RECORD EXTRACTS:
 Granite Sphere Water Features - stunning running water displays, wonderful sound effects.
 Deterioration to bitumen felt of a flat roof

==

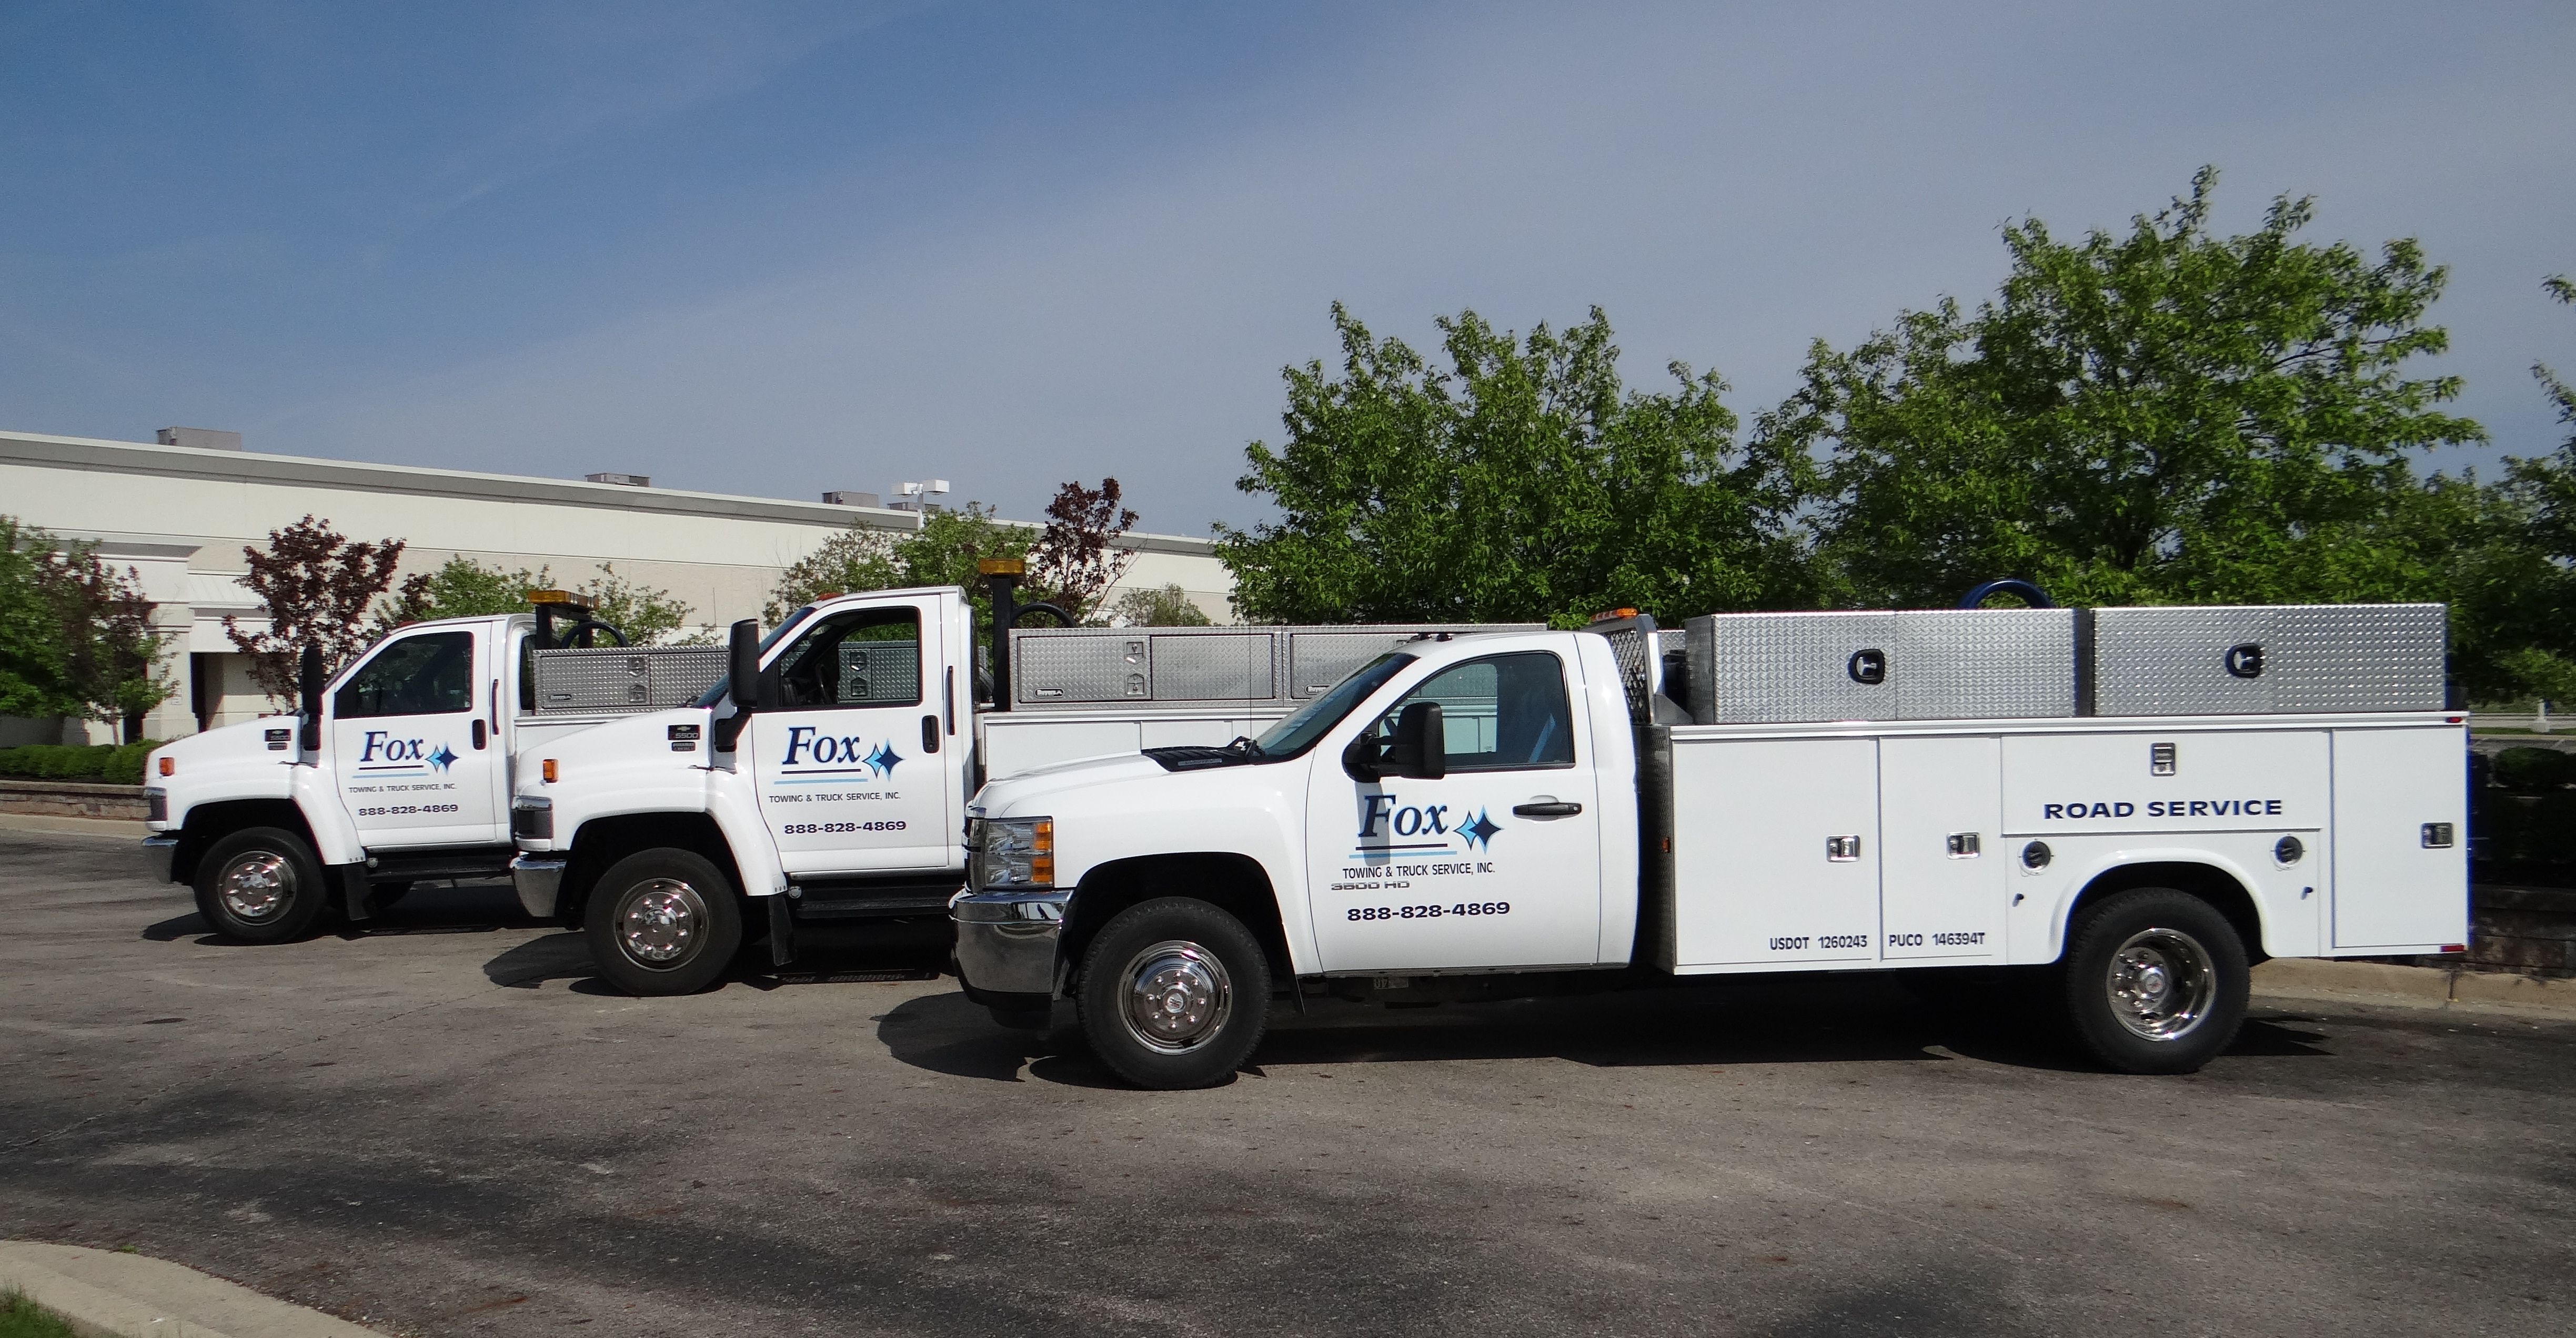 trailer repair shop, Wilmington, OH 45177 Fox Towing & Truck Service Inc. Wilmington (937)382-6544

TASK REQUIREMENTS: Write out, from the lines above, only those from the line with "Granite Sphere Water" to the line with "Deterioration to bitumen felt of a flat roof", exactly as given, including the first and the last.

EXPECTED ANSWER:
 Granite Sphere Water Features - stunning running water displays, wonderful sound effects.
 Deterioration to bitumen felt of a flat roof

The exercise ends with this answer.